Lab: Seccomp

Difficulty: Advanced

Time: Approximately 20 minutes

seccomp is a sandboxing facility in the Linux kernel that acts like a firewall for system calls (syscalls). It uses Berkeley Packet Filter (BPF) rules to filter syscalls and control how they are handled. These filters can significantly limit a containers access to the Docker Host’s Linux kernel - especially for simple containers/applications.

You will complete the following steps as part of this lab.

Prerequisites

With this lab in Play With Docker you have all you need to complete the lab. If you are running this on another environment, you will need:

  • A Linux-based Docker Host with seccomp enabled
  • Docker 1.10 or higher (preferably 1.12 or higher)

The following commands show you how to check if seccomp is enabled in your system’s kernel:

Check from Docker 1.12 or higher

   $ docker info | grep seccomp
   Security Options: apparmor seccomp   

If the above output does not return a line with seccomp then your system does not have seccomp enabled in its kernel.

Check from the Linux command line

   $ grep SECCOMP /boot/config-$(uname -r)
   CONFIG_HAVE_ARCH_SECCOMP_FILTER=y
   CONFIG_SECCOMP_FILTER=y
   CONFIG_SECCOMP=y

Seccomp and Docker

Docker has used seccomp since version 1.10 of the Docker Engine.

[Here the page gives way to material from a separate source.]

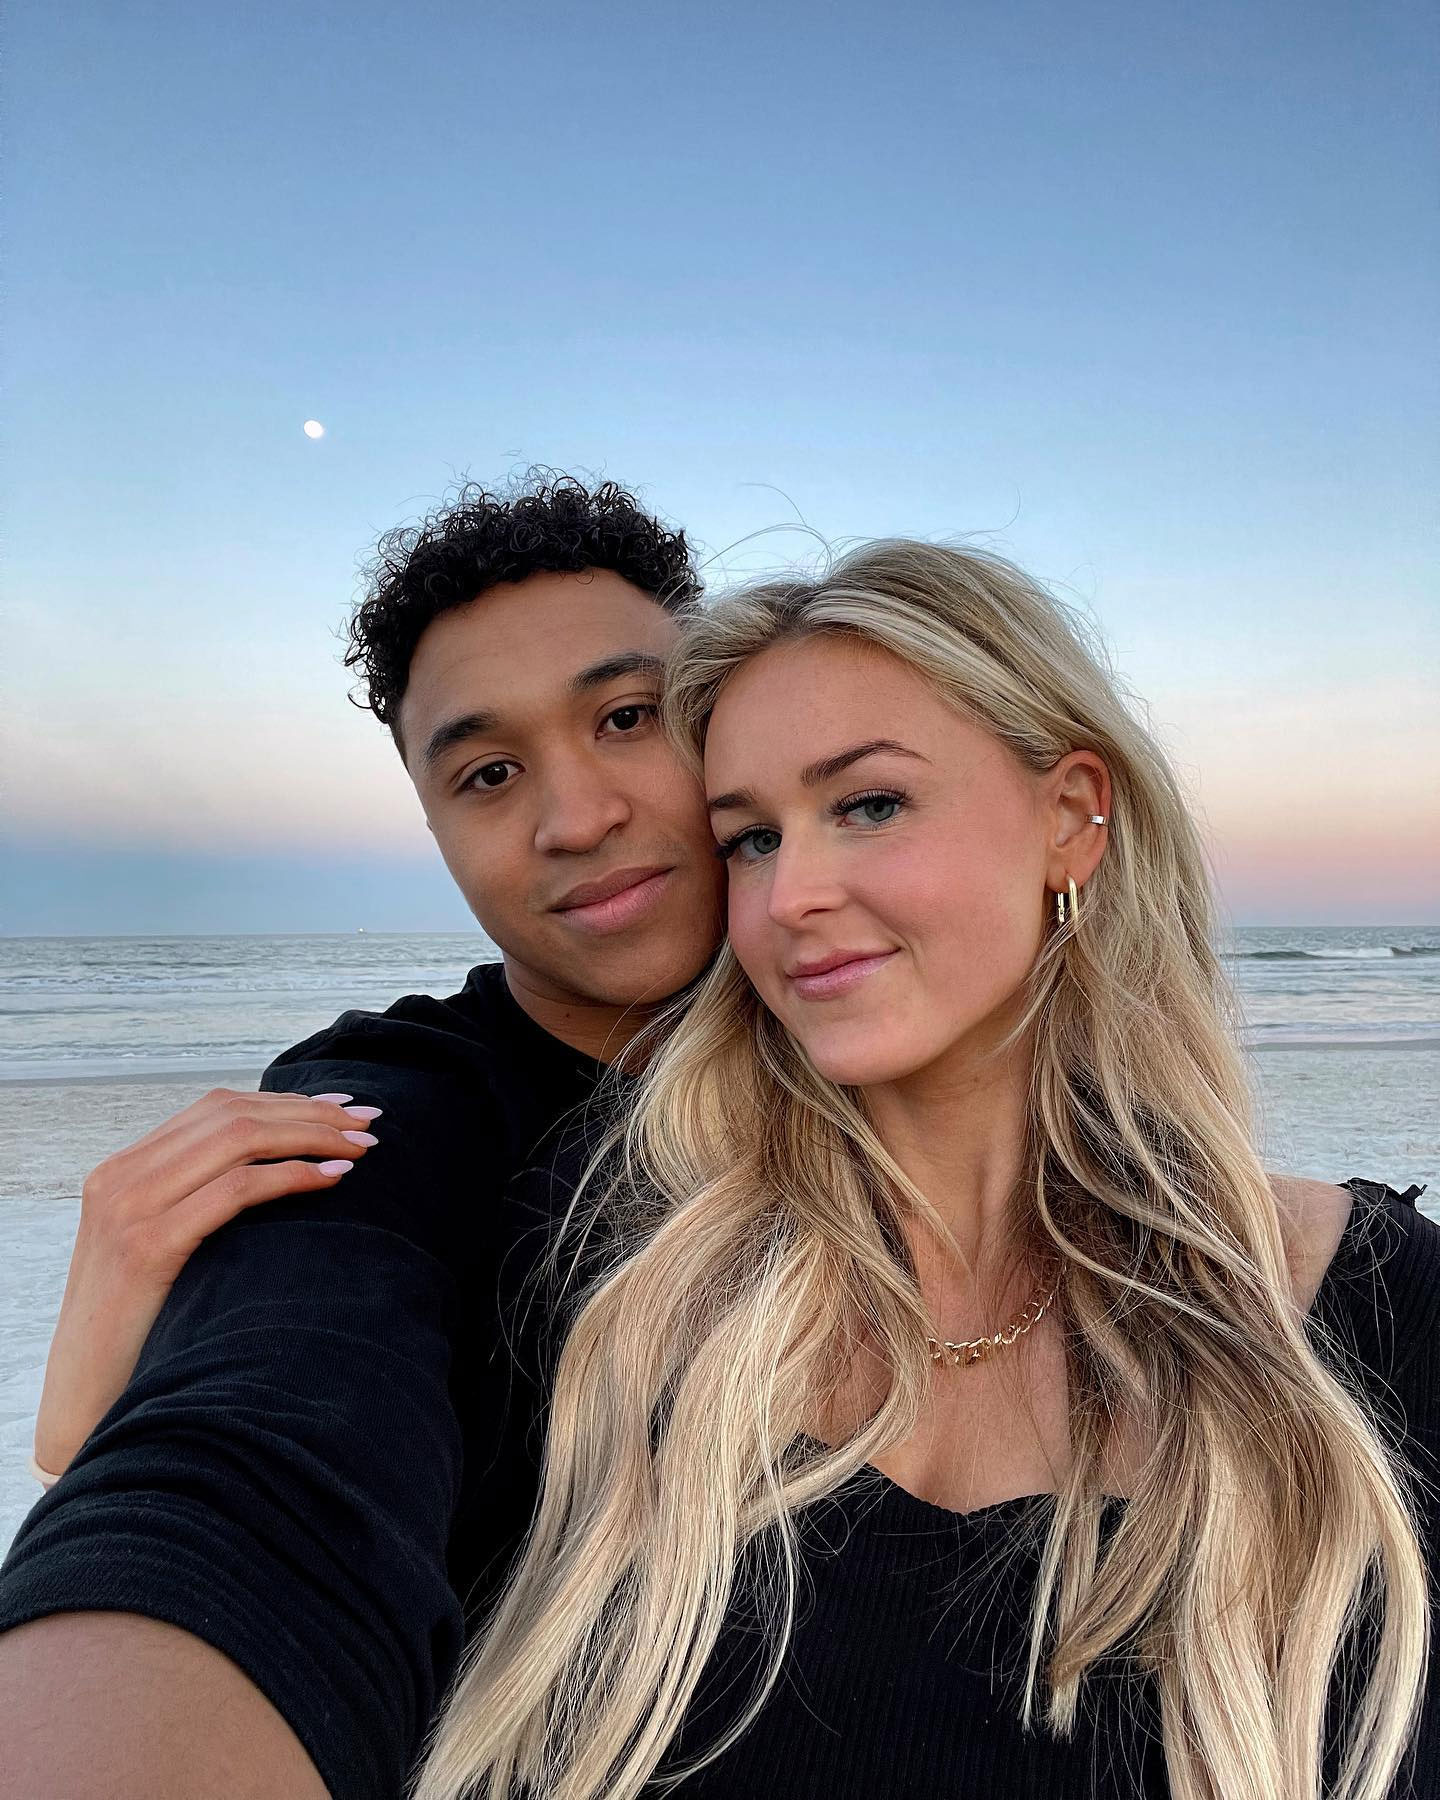 Brylee Ivers Instagram Dancing With the Stars Pro Brandon Armstrong Is Engaged to Brylee Ivers

Docker uses seccomp in filter mode and has its own JSON-based DSL that allows you to define profiles that compile down to seccomp filters. When you run a container it gets the default seccomp profile unless you override this by passing the --security-opt flag to the docker run command.

The following example command starts an interactive container based off the Alpine image and starts a shell process. It also applies the seccomp profile described by <profile>.json to it.

   docker run -it --rm --security-opt seccomp=<profile>.json alpine sh ...

The above command sends the JSON file from the client to the daemon where it is compiled into a BPF program using a thin Go wrapper around libseccomp.

Docker seccomp profiles operate using a whitelist approach that specifies allowed syscalls. Only syscalls on the whitelist are permitted.

Docker supports many security related technologies. It is possible for other security related technologies to interfere with your testing of seccomp profiles. For this reason, the best way to test the effect of seccomp profiles is to add all capabilities and disable apparmor. This gives you the confidence the behavior you see in the following steps is solely due to seccomp changes.

The following docker run flags add all capabilities and disable apparmor: --cap-add ALL --security-opt apparmor=unconfined.

Step 1: Clone the labs GitHub repo

In this step you will clone the lab’s GitHub repo so that you have the seccomp profiles that you will use for the remainder of this lab.

  1. Clone the labs GitHub repo.

    git clone https://github.com/docker/labs
    
  2. Change into the labs/security/seccomp directory.

    cd labs/security/seccomp
    

The remaining steps in this lab will assume that you are running commands from this labs/security/seccomp directory. This will be important when referencing the seccomp profiles on the various docker run commands throughout the lab.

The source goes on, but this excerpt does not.